(Norman Jewison, USA, 1967, 110 minutes)
“We talk a lot about freedom, but it's a country based on slavery."--Norman Jewison in Lee Grant's 2000 Sidney Poitier profile One Bright Light
Norman Jewison (1926-2024) knew exactly what he was doing when he made In the Heat of the Night. Concerned about race relations in his adopted country, the Canadian director set out to make a thriller bursting with local flavor, set to a scintillating score, and toplined by experienced actors who generated a crackling chemistry. No speechifying, no sadism.
The movie has all the tropes of the conventional murder mystery–dead body, colorful suspects, potential coverup–but everything leads back to the way this small-minded Southern town treats a Black detective from the North.
The film begins in a roadside diner where a beat cop (the great Warren Oates) refuels before making his late-night rounds. Ralph, the counterman (inexperienced actor Anthony James), is a tall, gangly guy who enjoys the more rollicking tunes on the jukebox. Jewison had hoped to include Sam the Sham's menacing "Little Red Riding Hood," but it was too expensive, and to be clear, many things were. The director was no fool, and he knew full well that United Artists wasn't funding his so-called Black Movie as generously as they could have–by 1967, he had already made six major motion pictures.
Fortunately, resourcefulness was among Jewison's finest qualities, and he tasked Oscar-winning composer Quincy Jones with the diegetic songs, like "Bowlegged Polly," that appear in the film, in addition to the country and blues-saturated score. There's no funk here, and nor does there need to be. That would come later.
This sequence sets the tone for the film, and I would imagine some Southerners weren't all that thrilled, because it's filled with sweaty faces and hair-trigger tempers--starting with Officer Wood and Ralph--and even a few flies buzzing around the greasy spoon, which gives off health hazard vibes.
Granted, I don't believe Jewison was trying to paint all Southerners with the same brush, but the narrative never leaves this backwater Mississippi town.
On the other hand, he made it in Sparta, Illinois, because Poitier who had had run-ins with the Klan, refused to risk a protracted stay below the Mason-Dixon Line, and during the brief period they filmed in Tennessee--where he slept with a gun under his pillow--they were made to feel most unwelcome. At least they didn't have to paint over the Sparta town signs.

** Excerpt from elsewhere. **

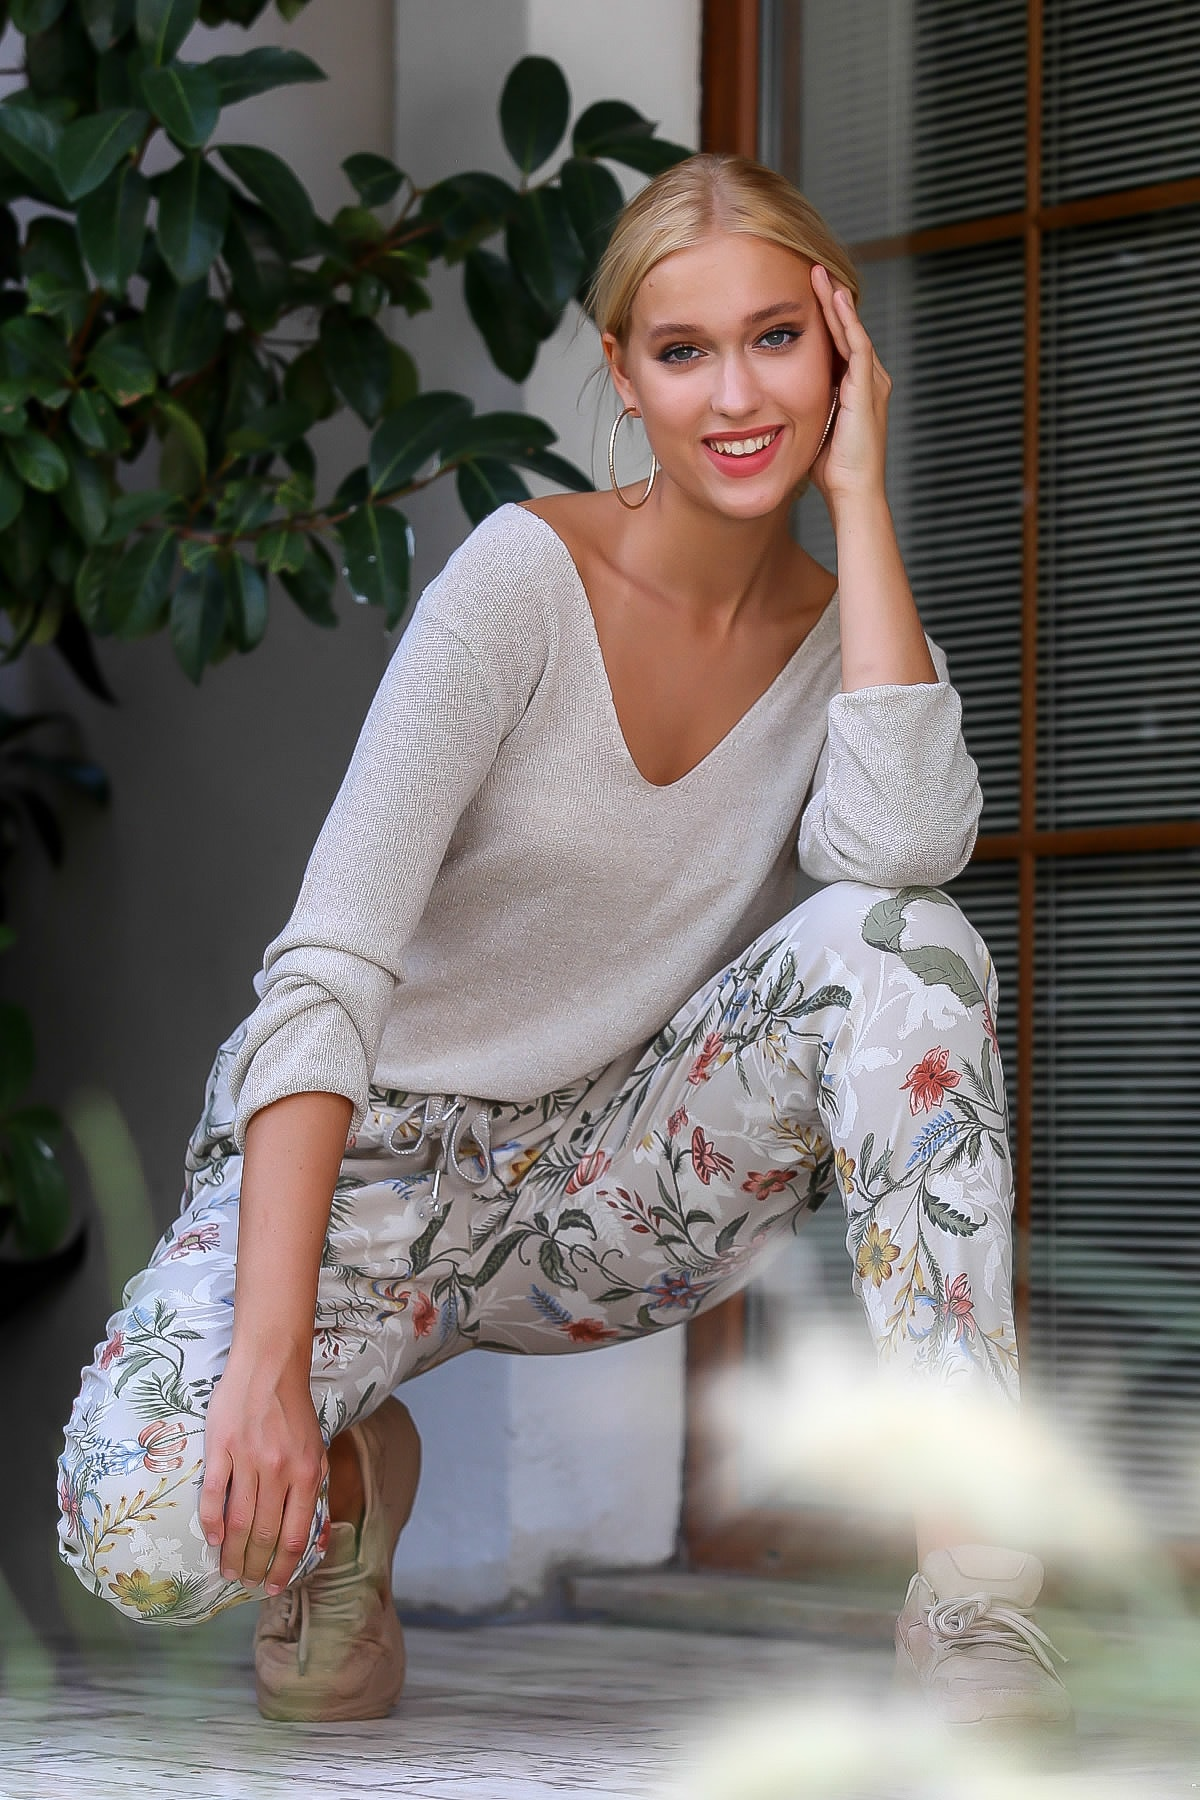 Chiccy Kadın Krem İtalyan Çiçek Desenli Cepli Beli Simli Kordonlu Dokuma Pantolon M10060000PN98706

During his rounds, Wood drives past 16-year-old Delores's house knowing she has a predilection for lounging around without a top--hey, it's hot at night.
The officer gawks for a bit before going on his way. Haskell Wexler, who would win an Oscar for his expressive work, uses window panes to avoid anything too risqué, but he gets the point across: Wood is a voyeur and Delores is an exhibitionist.
Though Ralph and Delores come across as "local color," both will factor into the larger storyline, and though Corinne Margolin, aka Quentin Dean, would receive Golden Globe consideration for her destabilizing performance, she would retire from acting only three years later. She was 58 when she died.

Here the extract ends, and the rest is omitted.